Rip hits from 15. 43-37 Pistons.

Billups on the steal to make on the lay up.

Defensive three second call on Pistons.

Dyess fould Corliss. He misses the first, makes the second. Two minutes until the half. Dyess misses the jumper. Miller fouled.

Billups hits the three. Corliss to Thomas, misses.

Rip is fouled by Thomas.

Billups misses three, Rip misses three.

Miller scores, Rip runs for two.

Fast game lol

Bibby on the run, scores.

Billups to Evans for three.

Bibby misses, to Ben to Evans who misses the three. End of half.

52-45 Pistons.


----------



## ChrisWoj

Good first half. Overall, they could have done a better job offensively, and they got a little bit selfish. But at this rate we see them winning 104-90... which shows that when you look at the BIG PICTURE of it all they're still scoring at a great rate despite the inconsistency out there on the floor, and the defense has held up just fine in forcing the Kings into shots they don't like and pushing them into turnover repeatedly.


-Chris.


----------



## P33r~

We're still shooting .512%, despite that little stint of selfishness. And we're killing them on the boards, but that's to be expected.


----------



## kamego

I predicate we win if we shoot .512 in the 2nd half lol


----------



## ChrisWoj

PREDICATE: To proclaim or assert; declare.

I think you meant predict... and I think that that is the first time I've seen a typo actually work out well.


-Chris.


----------



## kamego

I declared we would win. That's nothing new from me  13-0 here we come


----------



## ChrisWoj

Nice turning jumper from Tayshaun. That gives him eight points on the night. I think he'll finish out with about 16. He has operated tonight as a third and even fourth option tonight, but for the most part I think he's developing nicely into our second option after Rip. I like the way we're going with his development (I have for the past few years, of course). I don't think he'll ever overtake Rip as an option, but that three right there shows that he's going to come close with that ugly yet beautiful form of his.


-Chris.


----------



## Nocioni

Bonzi wells detroit killer


----------



## ChrisWoj

Prince's lay attempt pops out, but he's getting to the line now with an opportunity to jump his point total to 13... that'd give him seven this quarter ALREADY after only having six in the first half. But what has been great is the way he's defended Peja. The FSNDet announcers just brought up what I'm getting at... Peja's having a ton of trouble with Tayshaun's length out there on the perimeter, he simply can't shoot over Prince.


-Chris.


----------



## thrillhouse

just turned it on, i like what i see in the score. who is playing well?


----------



## kamego

Nocioni said:


> Bonzi wells detroit killer


Hes still mad we traded him


----------



## ChrisWoj

kamego said:


> I declared we would win. That's nothing new from me  13-0 here we come


I didn't realize Sacramento would be this bad. We haven't played a necessarily consistent game, and we could be playing better than we are. Sacramento in recent years would be right with us at this point in the game. If I had known they were this bad and this shallow I would have predicted an 11-2 month instead of a 10-3 month.


-Chris.


----------



## casebeck22

54-47 Pistons. Peja misses.

Billups upcourt and Rip misses.

Bibby to Abdur who hits from 16.

Fast game lol

Ben on the jam to make it 59-51. Sheed boards, up to Tay who misses but is fouled on the layup.
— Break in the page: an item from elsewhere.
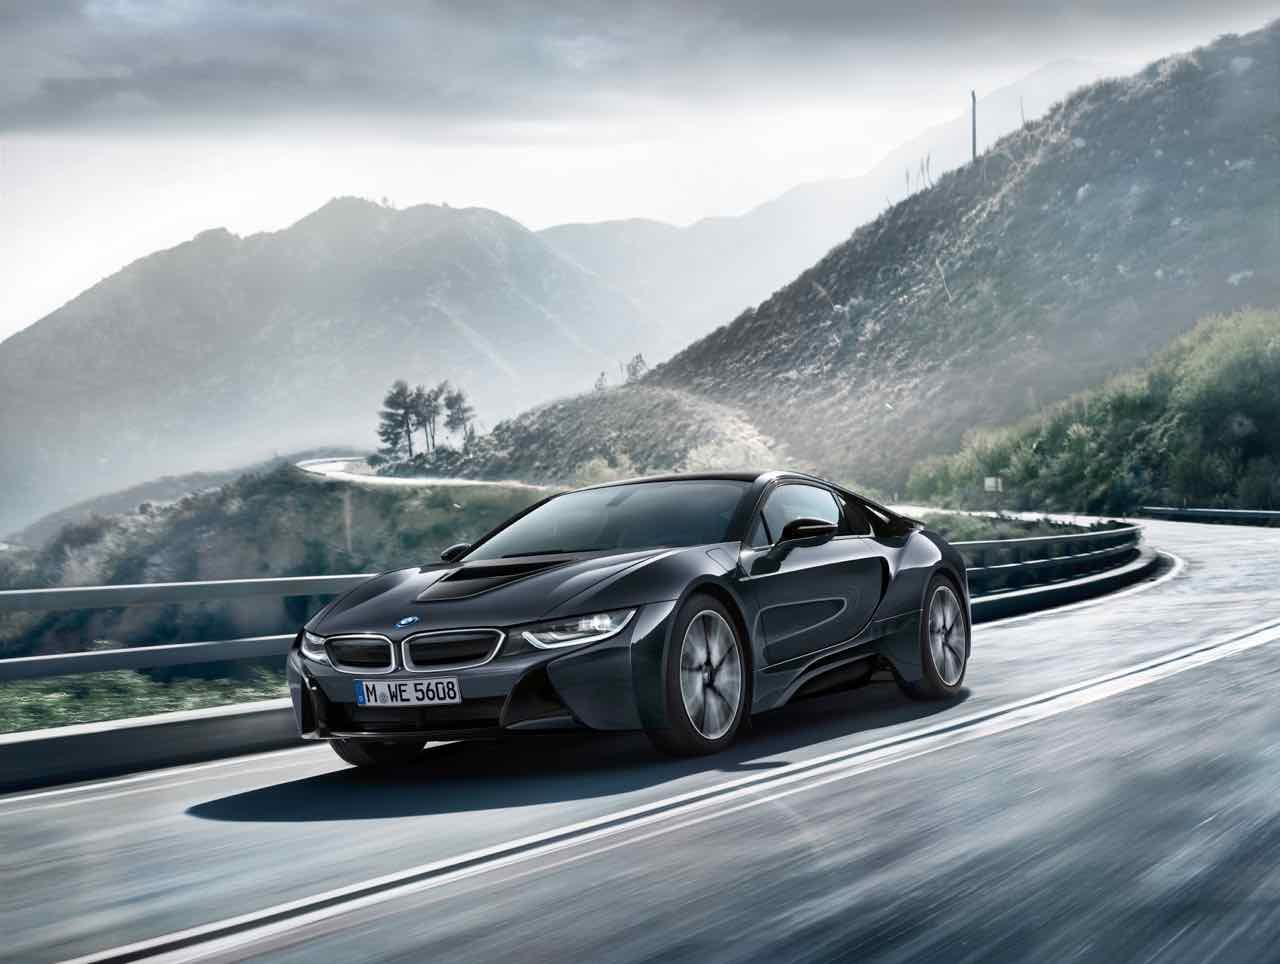 BMW i8 Protonic Dark Silver Edition 2016 – 1

Bibby turns it over to Tay to Billups to Ben to Rip who lays it up, easy. 

Abdur throws it down on the run. 63-55 Pistons.

Sheed to Tay for three who hits it. He has 16 tonight.

Kings hit, Billups misses. Wells on the run for two.

66-59 Pistons with just under 6:15 to go in the third.


----------



## kamego

What two teams could beat us in the first 13 games? 

Detroit and Detroit


----------



## ChrisWoj

thrillhouse said:


> just turned it on, i like what i see in the score. who is playing well?


Billups has been distributing well, though turning it over more than in recent games.
Rip was selfish for a little while, but overall he's playing good ball and shooting well.
Prince has come alive after distributing a little bit more early, he's scored 10 this quarter thus far.
Ben is his usual solid self.
Rasheed is staying out of foul trouble.

The bench has been okay, with Mo Evans as the real noticable plus so far.


-Chris.


----------



## casebeck22

Where Is Darko??


----------



## ChrisWoj

kamego said:


> What two teams could beat us in the first 13 games?
> 
> Detroit and Detroit


I didn't predict anybody would beat us because they were better teams. I predicted teams would beat us because of circumstances. I chose both 'first games' on our two west coast trips, and the Nets game after a long four day layoff. Tonight the Pistons played rusty early, and the Sacramento teams of earlier years would have eaten that up and would be right with us right now... that's why I predicted this as a loss.


-Chris.


----------



## kamego

casebeck22 said:


> Where Is Darko??


All Star Game warming up :biggrin:


----------



## kamego

ChrisWoj said:


> I didn't predict anybody would beat us because they were better teams. I predicted teams would beat us because of circumstances. I chose both 'first games' on our two west coast trips, and the Nets game after a long four day layoff. Tonight the Pistons played rusty early, and the Sacramento teams of earlier years would have eaten that up and would be right with us right now... that's why I predicted this as a loss.
> 
> 
> -Chris.



Just giving you a hard time. I trust in Flip to win them all.


----------



## kamego

70-63 go Pistons


----------



## ChrisWoj

casebeck22 said:


> Where Is Darko??


Un-needed right now... Rasheed isn't in any foul trouble, neither is Ben. Only one foul each. McDyess only has one as well. In a close game, we need those three if we can put them out there.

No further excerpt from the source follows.